- SOURCE DATA -
------------------------------------------------------------

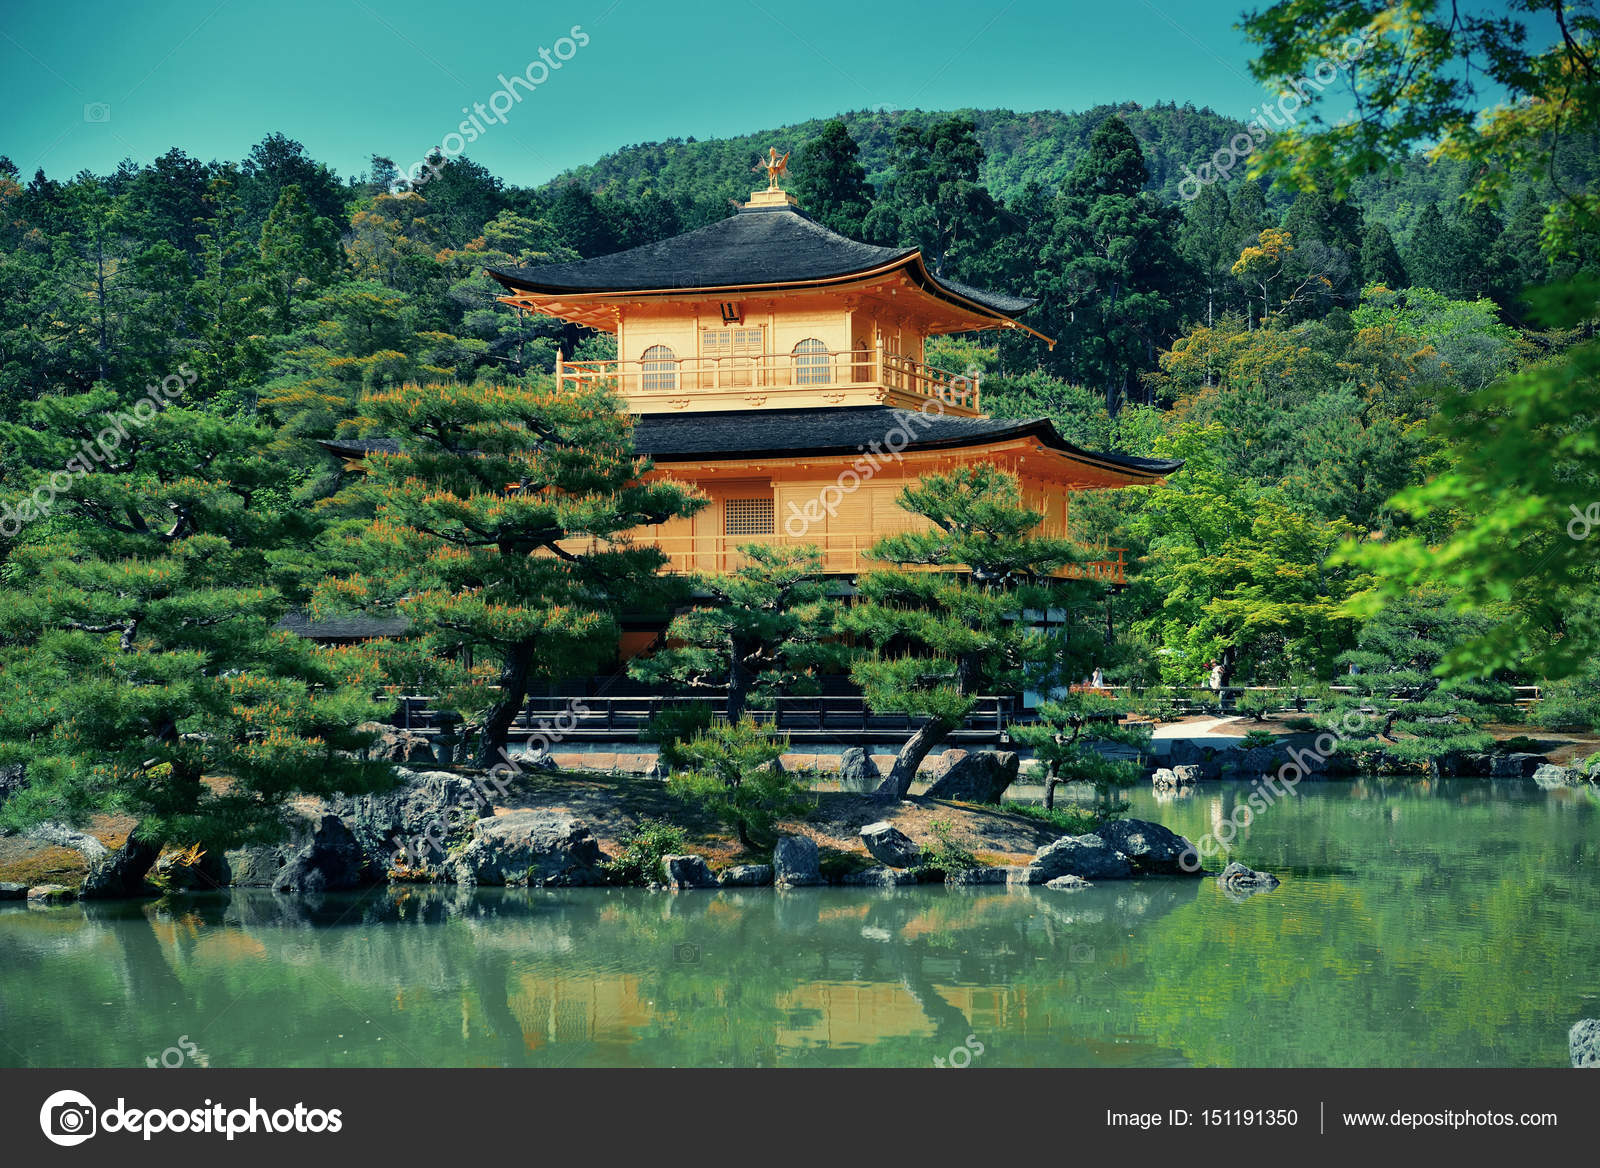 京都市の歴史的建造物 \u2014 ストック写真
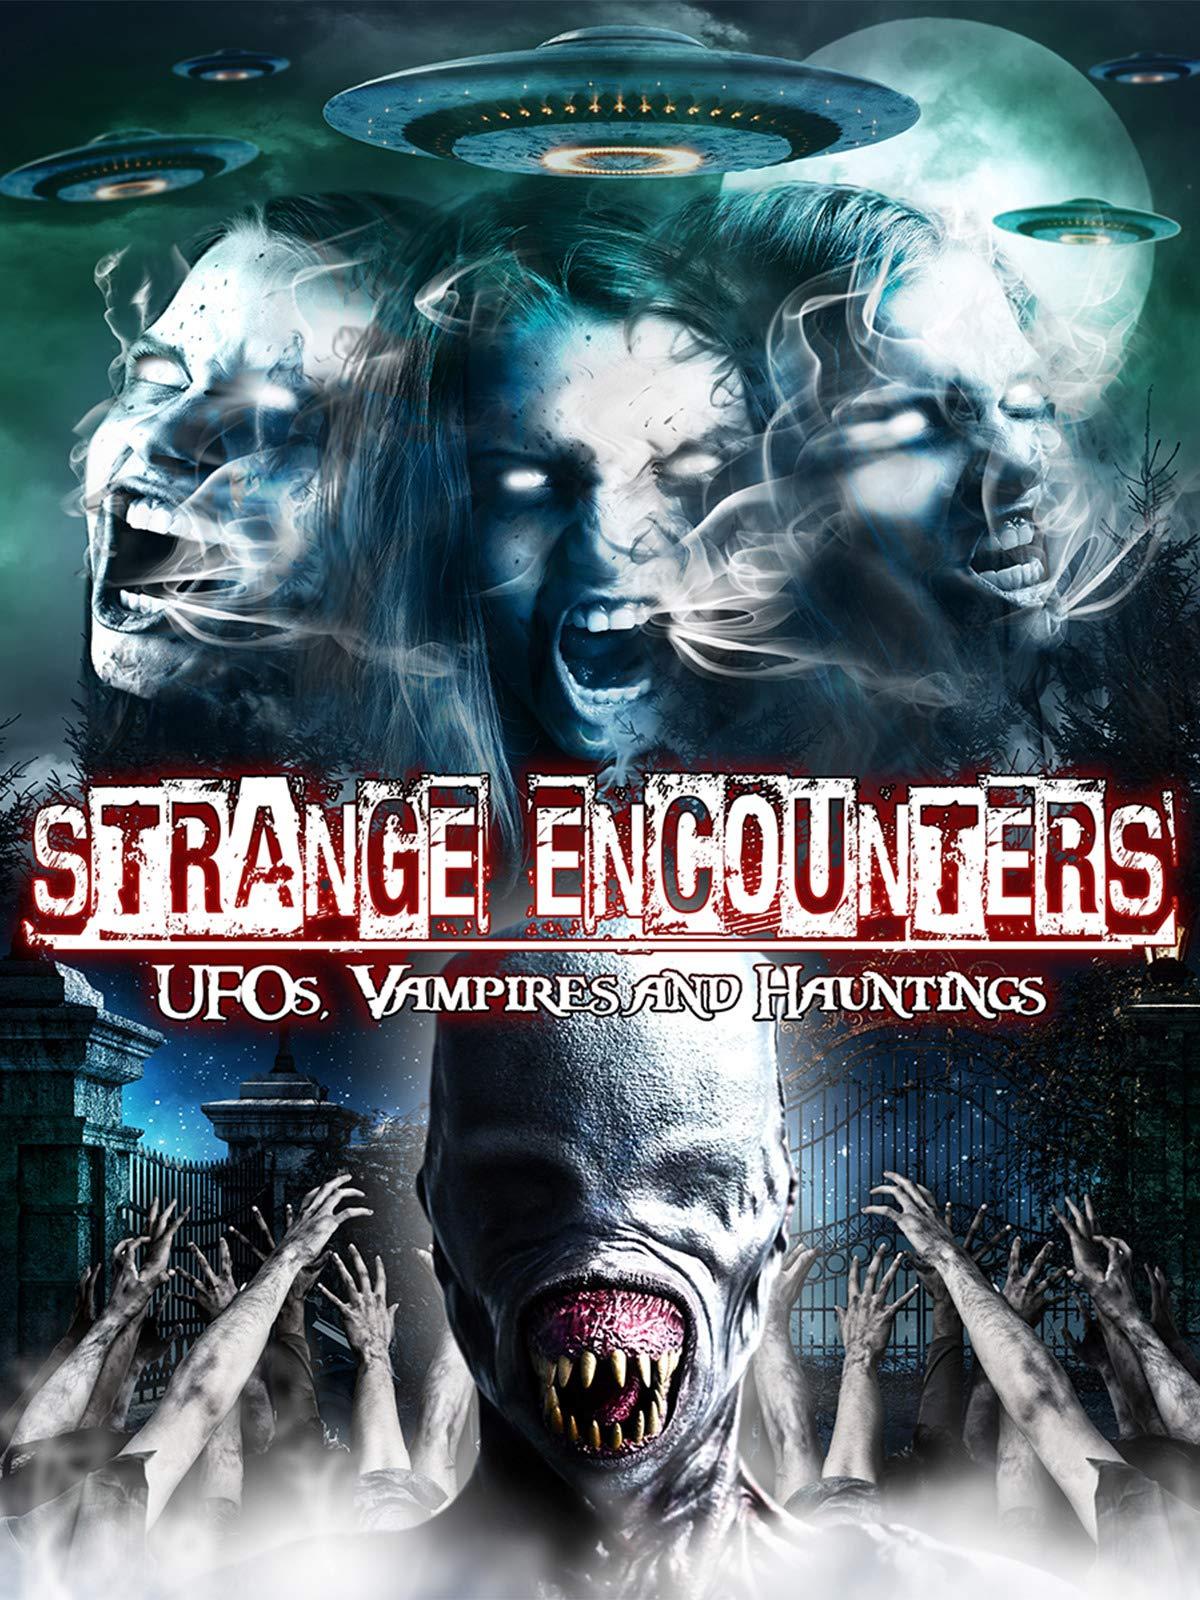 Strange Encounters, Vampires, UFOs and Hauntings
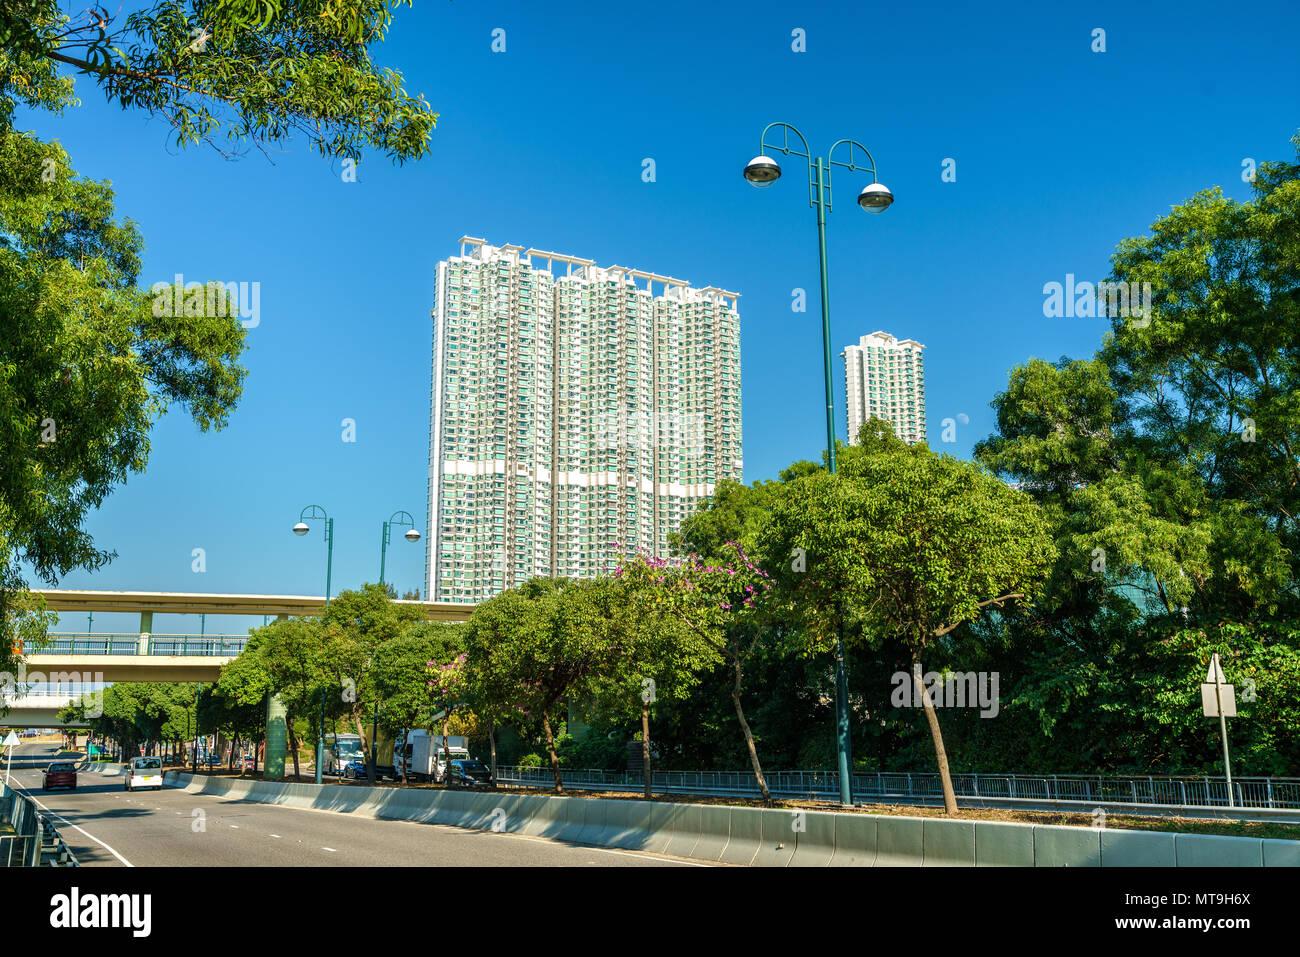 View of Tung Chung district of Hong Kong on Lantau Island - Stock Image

------------------------------------------------------------

- EXERCISE DIRECTIONS -
Without the pictures, write out the listing exactly as it appears above.

- SOLUTION TO THE EXERCISE -
 京都市の歴史的建造物 \u2014 ストック写真
 Strange Encounters, Vampires, UFOs and Hauntings
 View of Tung Chung district of Hong Kong on Lantau Island - Stock Image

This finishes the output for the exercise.